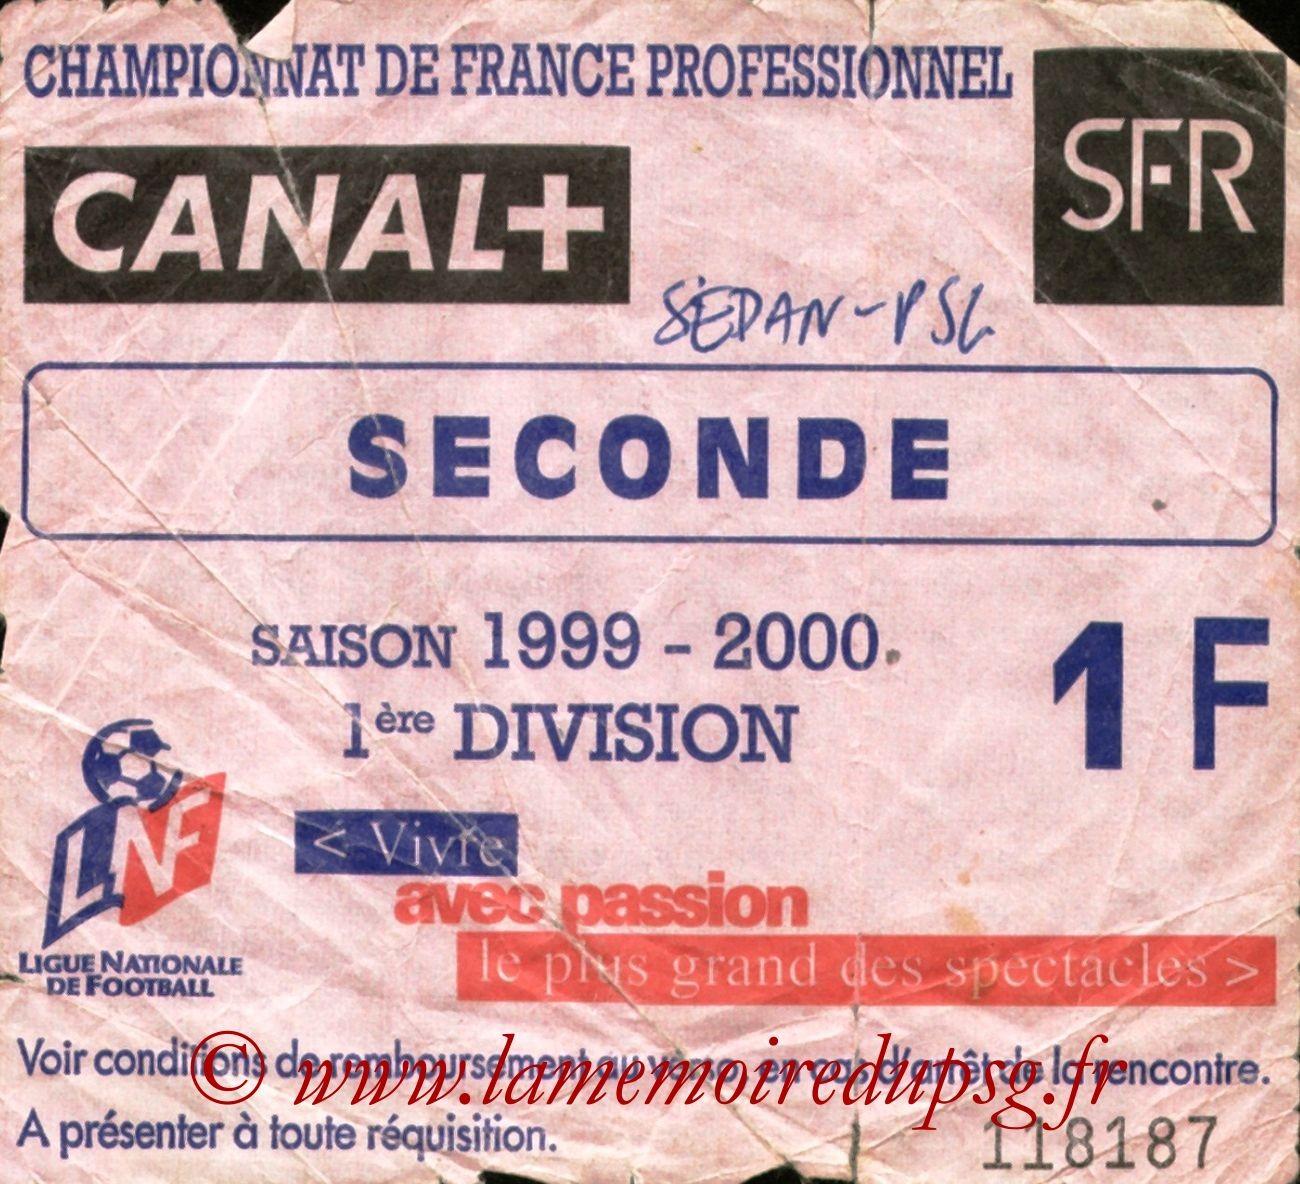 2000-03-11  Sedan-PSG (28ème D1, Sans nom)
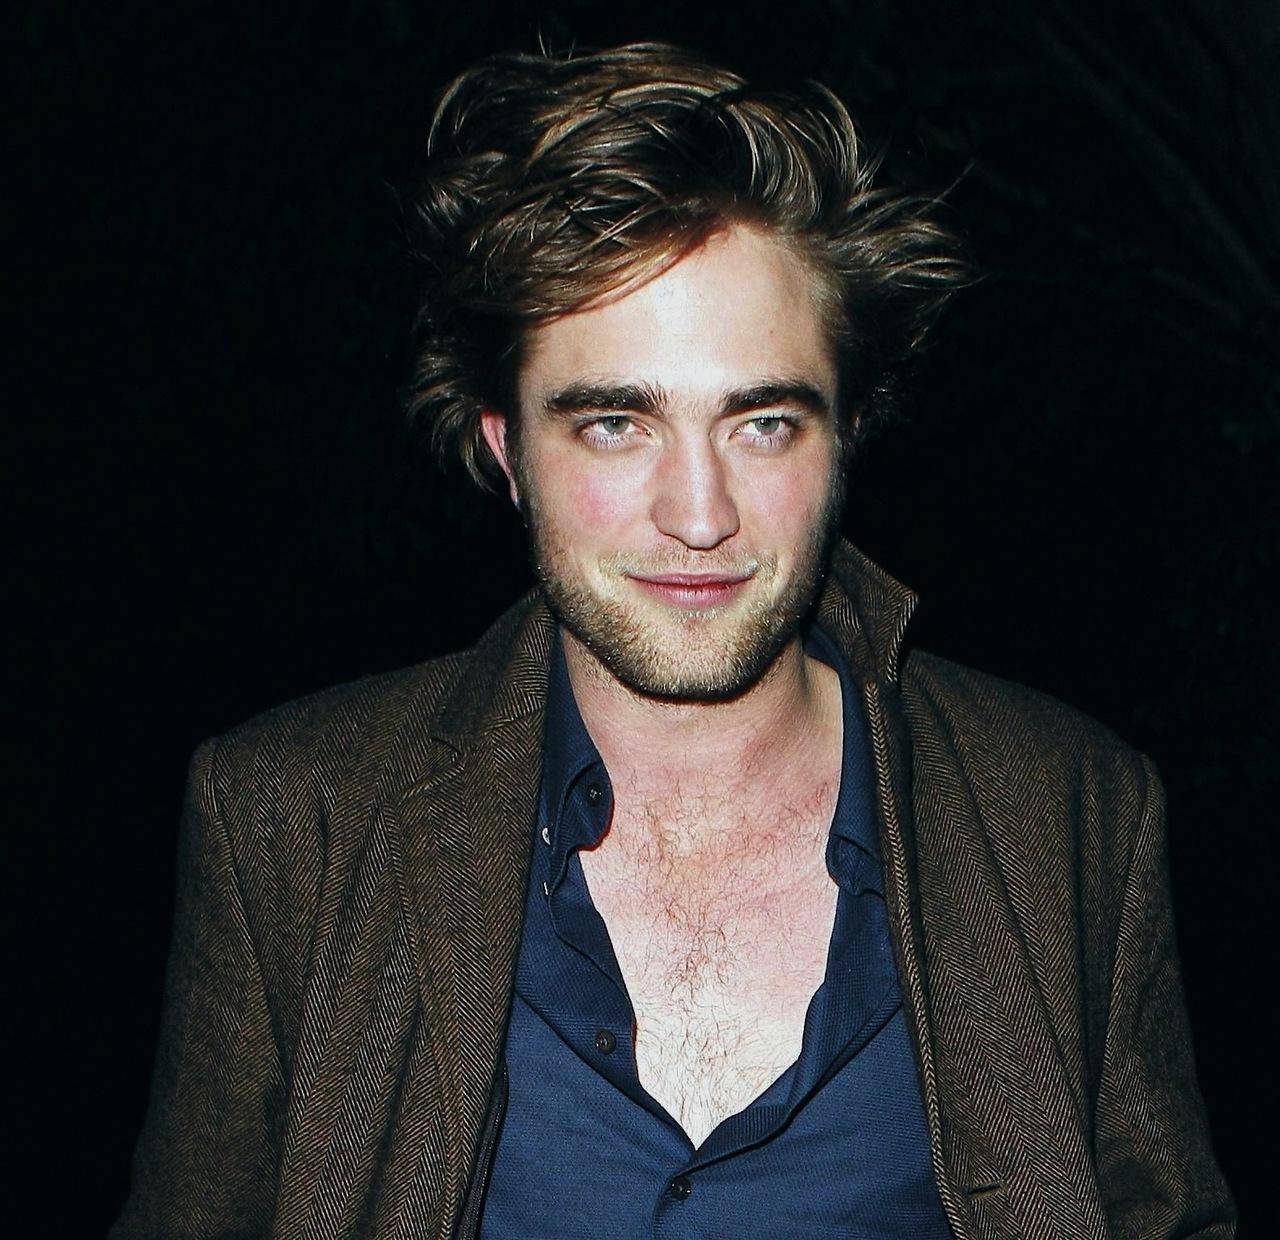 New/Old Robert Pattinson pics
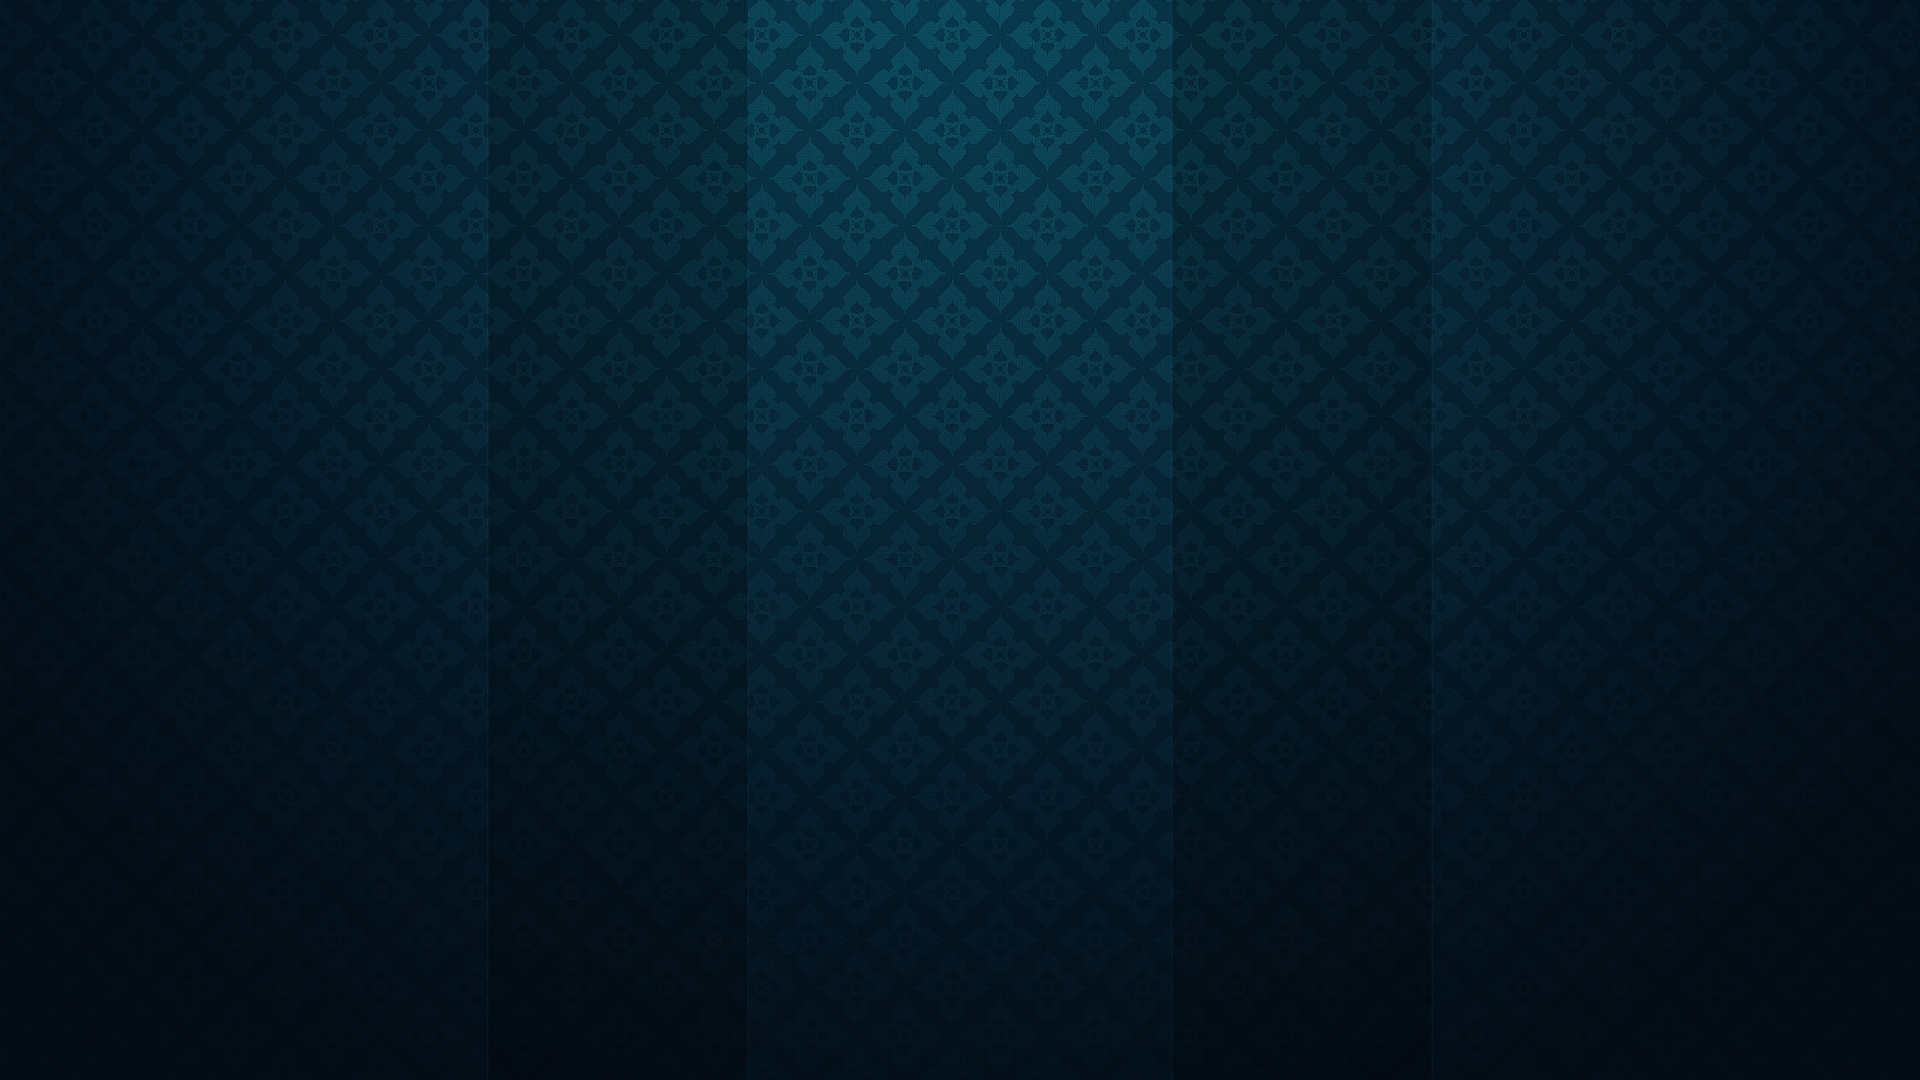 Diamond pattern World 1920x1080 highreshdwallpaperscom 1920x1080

→ What is needed:
The lines above must be transcribed exactly, with every picture left out.

→ Result:
 2000-03-11  Sedan-PSG (28ème D1, Sans nom)
 New/Old Robert Pattinson pics
 Diamond pattern World 1920x1080 highreshdwallpaperscom 1920x1080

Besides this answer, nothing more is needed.